The core of Google’s success is the order it displays search results. Back in the pre-Google days you’d get a seemingly unordered list of all pages that contained a term. Figuring out which pages were most authoritative using PageRank and putting them at the top made finding a useful result much quicker.
Searching emails needs something similar, a way of sorting out the important emails from the trivial. PageRank works by analyzing links between pages, but emails don’t have links like that. Instead, you need to use other connections between emails, such as how often a message was replied to and forwarded. Just as a link to another web-page can be seen as a vote for it, so an action such as forwarding or replying is a hard to fake signal that the recipient considers the message worth spending time on.

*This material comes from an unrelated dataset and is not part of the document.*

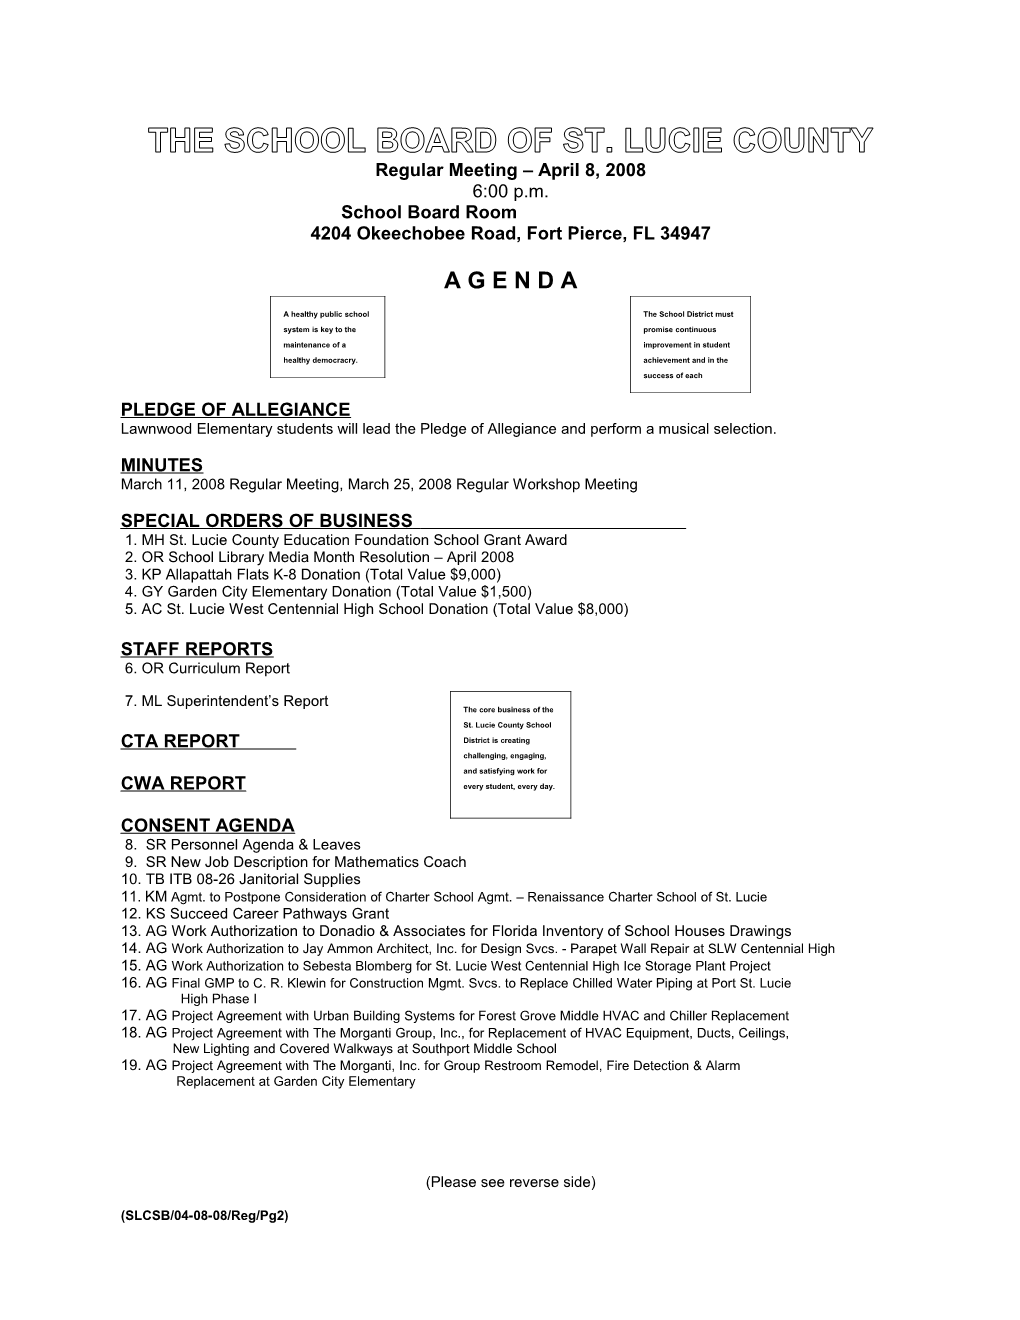 04-08-08 SLCSB Regular Meeting Agenda

I’m already using this principal to set the strength of connections between people in Outlook Graph, the thickness and pull of a line is determined by the minimum of the emails sent and received between them. Using the minimum helps to weed out unbalanced relationships such as automated mailers that send out a lot of bacn, but never get sent any email in return.
"To sort messages by relevance, Clearwell’s program weighs the
background data and content of each email for several factors,
including the name of the sender, names of recipients, how many replies
the message generated, who replied, how quickly replies came, how many
times it was forwarded, attachments and, of course, keywords."
It’s obvious enough that I don’t doubt other people are doing something like this too, though I’ll be interested to discover what patent landmines were laid by the first people to file. Where it gets really interesting is when you also do social graph analysis, then it’s actually possible to throw the social distance of the people involved into the mix. The effect is to give more prominence to messages from those you know, or friends of friends, since they’re more likely to be talking about things relevant to you than strangers.